Mortimer Stefanie A, Weeks Kevin M
Department of Chemistry, University of North Carolina, Chapel Hill, North Carolina, USA.
Nat Protoc. 2009;4(10):1413-21. doi: 10.1038/nprot.2009.126. Epub 2009 Sep 10.

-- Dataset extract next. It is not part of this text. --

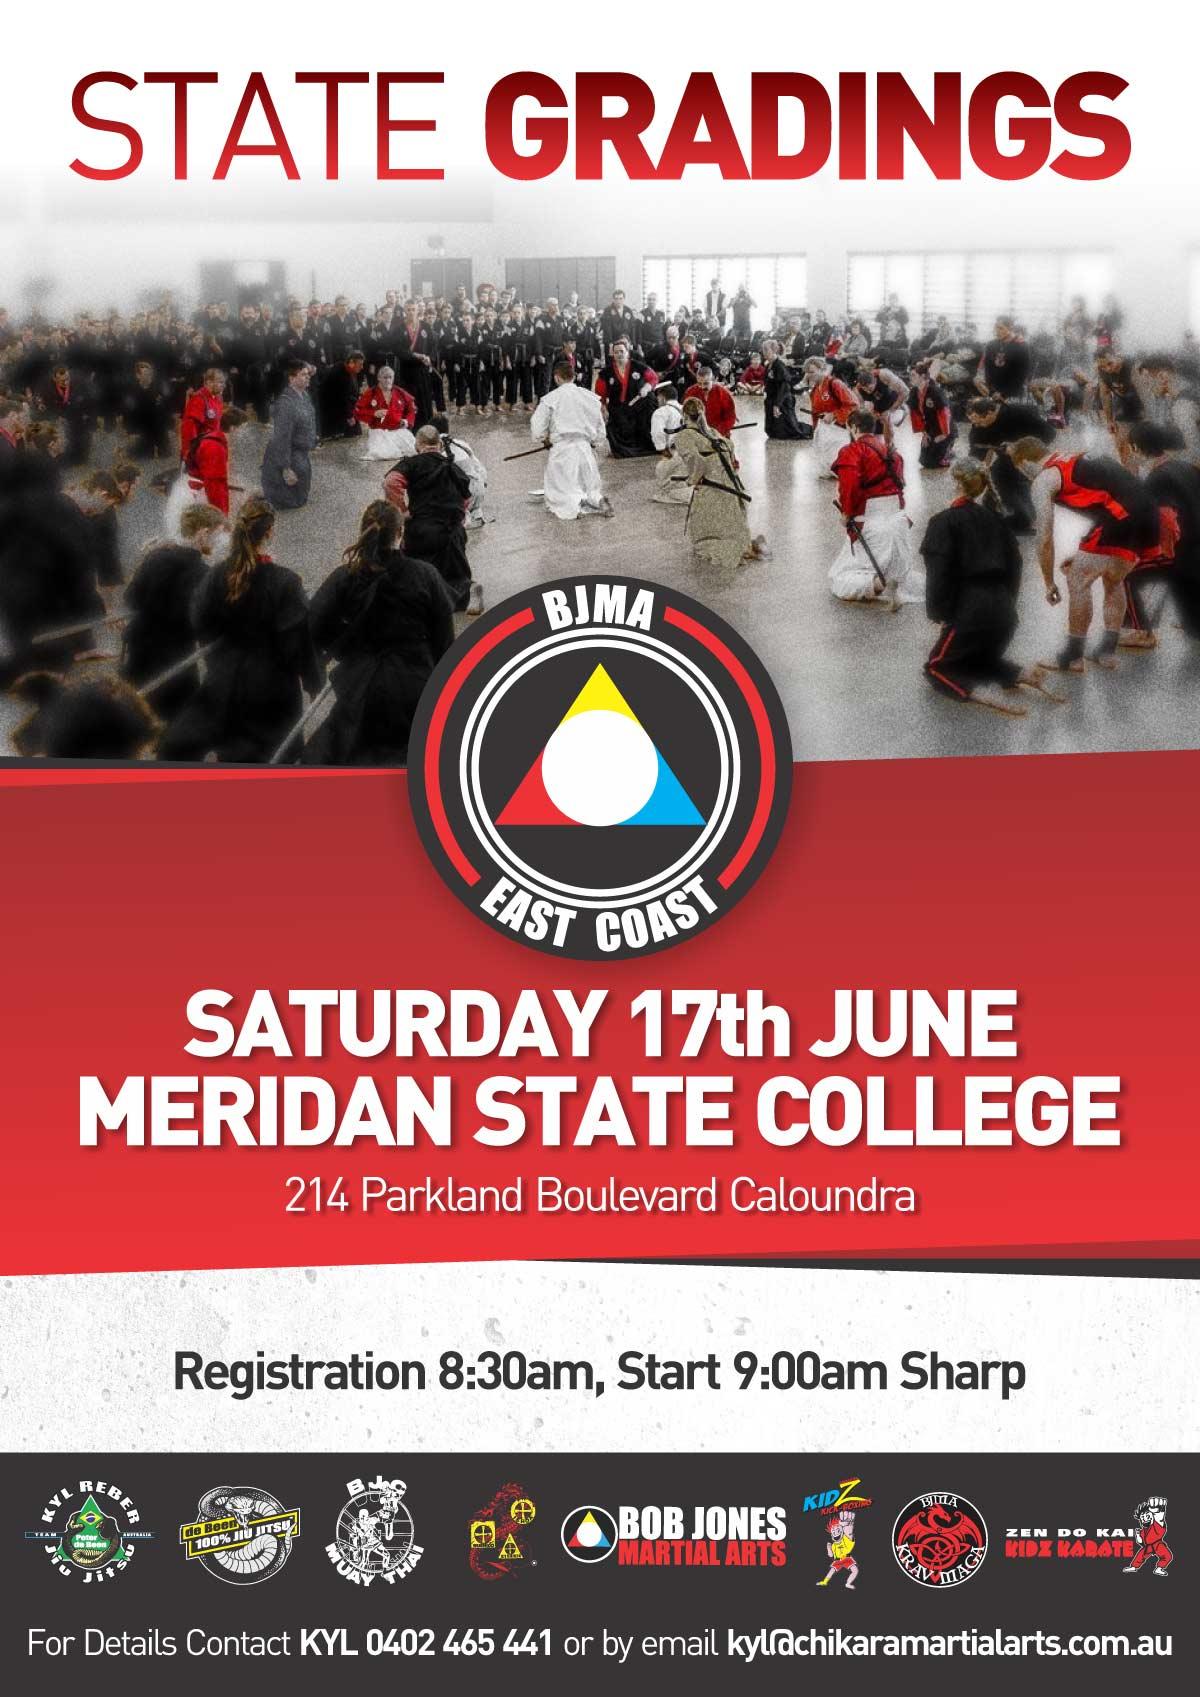 BJMA State Gradings - 17th June 2017

RNA selective 2'-hydroxyl acylation analyzed by primer extension (SHAPE) chemistry exploits the discovery that conformationally dynamic nucleotides preferentially adopt configurations that facilitate reaction between the 2'-OH group and a hydroxyl-selective electrophile, such as benzoyl cyanide (BzCN), to form a 2'-O-adduct. BzCN is ideally suited for quantitative, time-resolved analysis of RNA folding and ribonucleoprotein (RNP) assembly mechanisms because this reagent both reacts with flexible RNA nucleotides and also undergoes auto-inactivating hydrolysis with a half-life of 0.25 s at 37 degrees C. RNA folding is initiated by addition of Mg(2+) or protein, or other change in solution conditions, and nucleotide resolution structural images are obtained by adding aliquots of the evolving reaction to BzCN and then 'waiting' for 1 second. Sites of the 2'-O-adduct formation are subsequently scored as stops to primer extension using reverse transcriptase. This time-resolved SHAPE protocol makes it possible to obtain 1-second structural snapshots in time-resolved kinetic studies for RNAs of arbitrary length and complexity in a straightforward and concise experiment.
通过引物延伸分析RNA选择性2'-羟基酰化(SHAPE)化学方法利用了这样一个发现:构象动态的核苷酸优先采用有助于2'-OH基团与羟基选择性亲电试剂(如苯甲酰氰(BzCN))之间反应的构型,以形成2'-O-加合物。BzCN非常适合用于RNA折叠和核糖核蛋白(RNP)组装机制的定量、时间分辨分析,因为该试剂既能与柔性RNA核苷酸反应,又能在37℃下以0.25秒的半衰期进行自动失活水解。通过添加Mg(2+)或蛋白质或溶液条件的其他变化启动RNA折叠,通过将不断演变的反应等分试样添加到BzCN中,然后“等待”1秒来获得核苷酸分辨率的结构图像。随后,使用逆转录酶将2'-O-加合物形成的位点计为引物延伸的终止点。这种时间分辨的SHAPE方案使得在一个直接而简洁的实验中,能够在时间分辨动力学研究中为任意长度和复杂性的RNA获得1秒的结构快照。